4.2 Thickness and burial depth of organic-rich shale
There are two main deposits centers with large thicknesses. The first deposit is distributed in southern Enshi city with a thickness of greater than 200 m, and the thickness gradually increases to the south. The other area is in north-western Shengnongjia with a thickness of greater than 250 m, and the thickness gradually increases to the north. The thickness of the shale is relatively thin to the east of Yichang and west of Lichuan, with a thickness of mainly 10–50 m, and in some areas, the thickness of the shale is less than 10 m, such as in wells XD1, YD3, YD5 and ZK9. The burial depths of the Lichuan and Huaguoping synclines (B3 and B5) mainly range from 2000 to 4000 m, and other areas, such as the Shengnongjia, Huangling, and Hefeng anticlines (B7, B8, and B11) have burial depths of mainly less than 2000 m (Fig. 4).
4.3 Shale reservoir characteristics
According to the classification criteria of shale gas evaluation parameters in the Technical Specification for the Calculation and Evaluation of Shale Gas Reserves (DZ∕T0254-2014) which was issued by the National Ministry of Natural Resources (Table 1), the shale reservoir characteristics of the Є1n2 were analyzed by TOC, Ro, mineral composition, porosity, permeability and microscopic pores and fractures.
4.3.1 Organic geochemical characteristics
The vertical variations in TOC and Ro for the ZD2 well were studied. The results showed that the TOC ranges from 0.4%–5.0%, and the average TOC values of the Є1n1, Є1n2, and Є1n3 are 1.67%, 2.61%, and 0.45%, respectively. The TOC shows a gentle growth trend until the bottom of the Є1n2 and then decreases rapidly within the Є1n1. The Є1n2 with an average TOC value of 2.61% is the main hydrocarbon source rock of the Є1n and is the most important target layer in this study. The Ro value ranges from 2.05%–2.59% and generally increases along with burial depth (Fig. 2).

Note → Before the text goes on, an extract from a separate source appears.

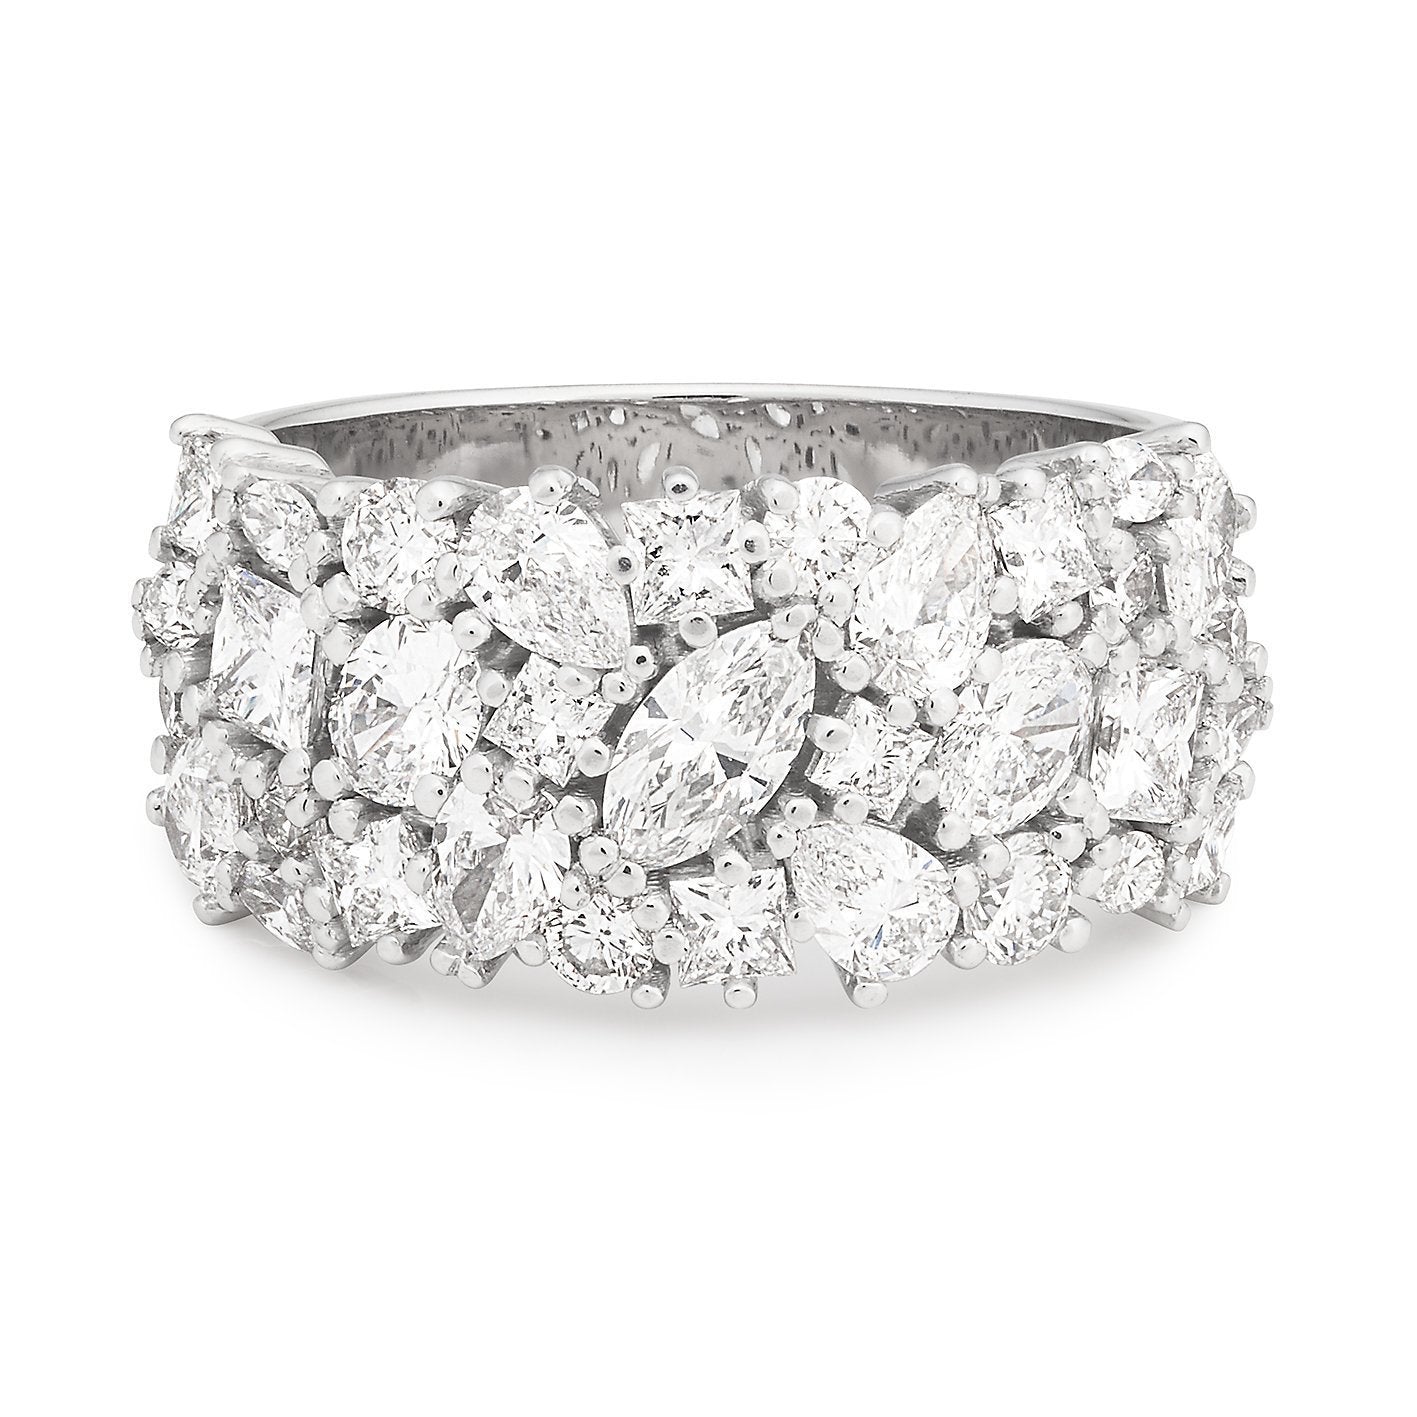 2.24ct Diamond Dress Ring in 18ct White Gold

Date from the 368 TOC and 89 Ro samples showed that the samples with high TOC values of 2.0%–4.0% accounted for the largest proportion, followed by the samples with very high TOC values that are higher than 4.0% and medium TOC values of 1.0%–2.0% (Fig. 5(a)). The high maturity samples with Ro between 2.0%–3.5% accounted for the larger proportion (Fig. 5(b)). According to the TOC contour map, the high TOC values are mainly distributed in 3 areas, including Enshi city to Hefeng county, Shengnongjia and Changyang county with TOC values mainly ranging from 3%–5%. In general, TOC values are higher in the middle of the study area and decrease significantly to the west of Lichuan city and to the east of Yichang city. The distribution of Ro is similar to that of TOC, with the highest value more than 4% in Hefeng county (Fig. 5(c)).
4.3.2 Mineral composition and content
Previous studies indicate that clay mineral content affects the specific surface area and adsorption capacity of shales (
Aringhieri, 2004;
Cheng and Huang, 2004;
Chalmers and Bustin, 2008). In addition, shale rich in brittle minerals more easily forms hydraulic fractures (Bowker, 2003;
Jarvie et al., 2007). Therefore, the analysis of shale mineral composition is of great significance to the exploration and development of shale gas. According to the mineral composition, the shale lithofacies classification scheme can be divided into siliceous shale, calcareous shale, clay shale and mixed shale and then subdivided into 31 subclasses (
Wang et al., 2018). The results show that siliceous shale (S) is the main lithofacies in most samples, followed by mixed shale (M), calcareous shale (C) and clay shale (CM) which rarely occur in the samples (Fig. 6(a)). Additionally, the average brittle mineral content is 52.5%, which is based on 89 samples that belong to the high level according to the classification criteria in Table 1. Clay content decreases and quartz content slightly increases with burial depth (Figs. 6(b), 6(c), and 6(d)). Moreover, the mineral composition has different characteristics in different areas. The SD1 well in the northern part of the study area contains the least clay minerals (Fig. 6(b)), the ZD2 well in the middle part of the study area contains relatively more carbonate and pyrite minerals (Fig. 6(c)), and the GC outcrop section in the south contains relatively more quartz and nearly no carbonate minerals (Fig. 6(d)).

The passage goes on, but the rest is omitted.